Initially, Turkey attempted to reign in the violence.  In April 1993, Ankara agreed to a tacit ceasefire with the PKK.  For a while, the country was peaceful again.  However, Ocalan was not satisfied with Ankara’s pace in meeting his political demands, and reverted back to violence with spectacular brutality.  On May 24, PKK terrorists stopped an intercity bus in Turkey’s Bingol province along the Euphrates River, dragged 33 unarmed conscripts out of the bus, and shot them in cold blood.  The PKK continued to unleash an episode of unimaginable violence; 330 people died in the two weeks following the bus ambush.[xv]
The group also launched massive operations into Turkey from northern Iraq.  Sometimes hundreds of terrorists would conduct a foray into Turkish territory, ambush a police station or village, kill dozens of people, and withdraw into northern Iraq.  This strategy dramatically increased casualties, and thousands of people perished in the 1990s.  Intimated by the group’s newfound strength, more Kurdish peasants were forced to be subservient to the organization.  As the battle against the PKK transformed into a cross-border fight, Turkey launched massive military operations into the no-man’s land of northern Iraq.  Ankara also acted began acting with force to cut off the PKK’s rural support base inside Turkey.

Turkey Says "Enough"

Even with the high cost in lives, these steps brought the Turkish military close to victory over the PKK.  However, it was clear that Turkey would not be able to defeat the PKK so long as the group’s main sponsor, Syria, continued to shelter the organization.  It had become known by the 1990s that Ocalan lived in Syria and the PKK received training inside Syria and Syrian-occupied Lebanon.

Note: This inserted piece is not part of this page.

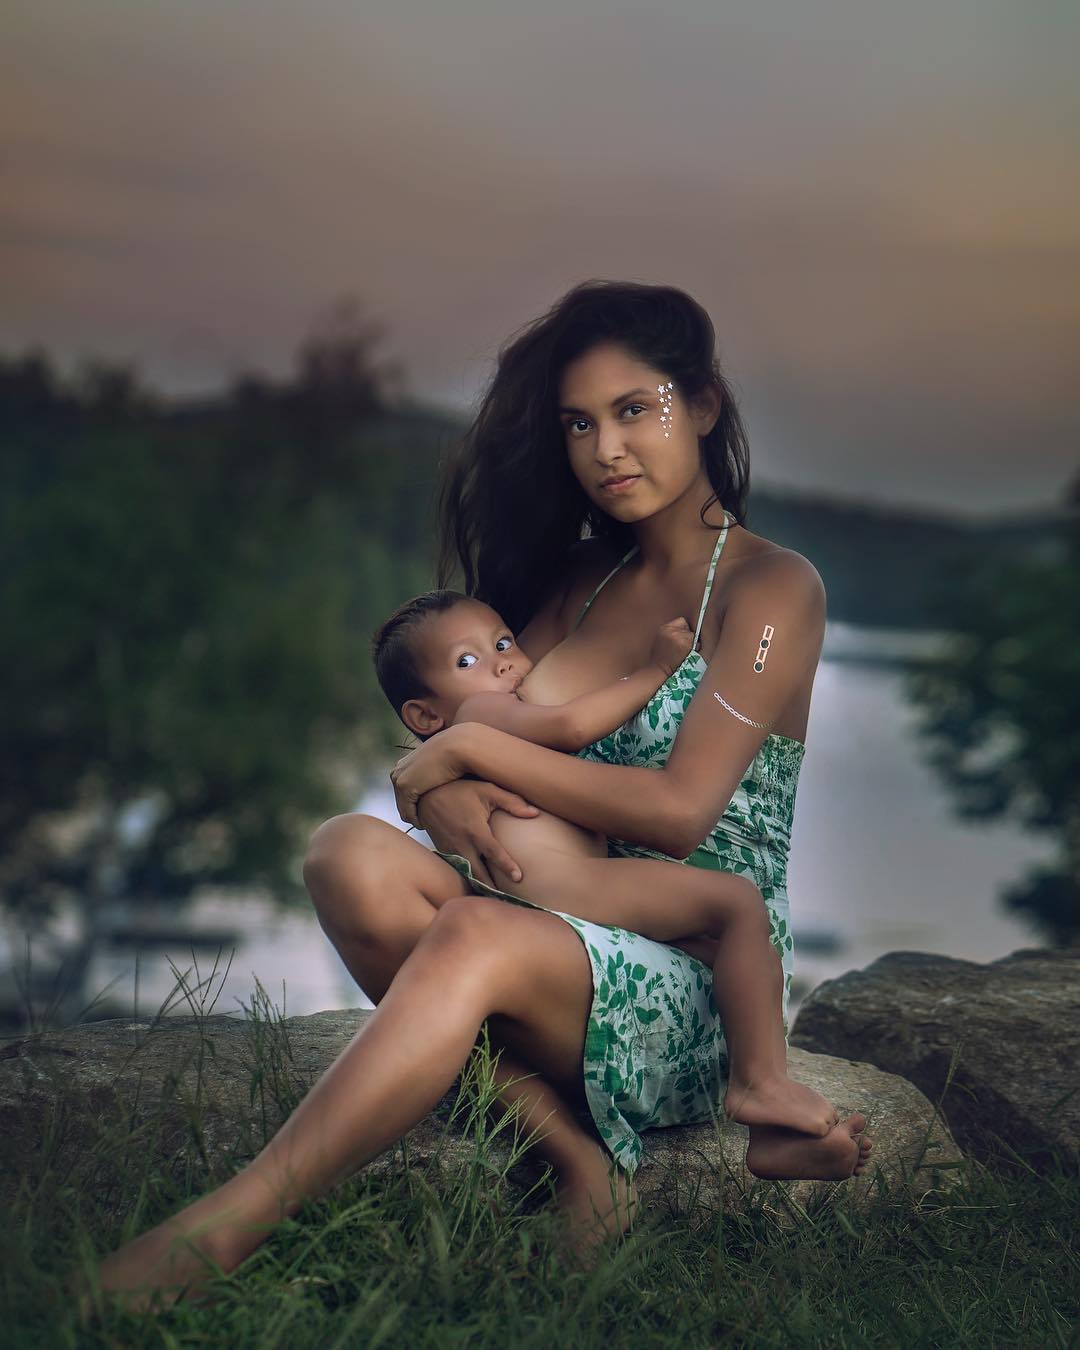 голая женщина с ребенком фото и видео фото 41

In fact, Ocalan was so comfortable in his Damascus home that he gave an on-site interview to a Washington-based journal in early 1998.[xvi]­ Nevertheless, Syria repeatedly denied Ocalan’s presence in Damascus. Only when Turkey finally showed it meant business did Damascus respond.  After a diplomatic campaign against Damascus in 1998, Ankara massed troops on the Syrian border and the Turkish Chief of Staff threatened the country with war. Soon after, Turkish newspapers came out with headlines saying “We will soon say shalom to the Israelis on the Golan Heights,” and Damascus kicked Ocalan out.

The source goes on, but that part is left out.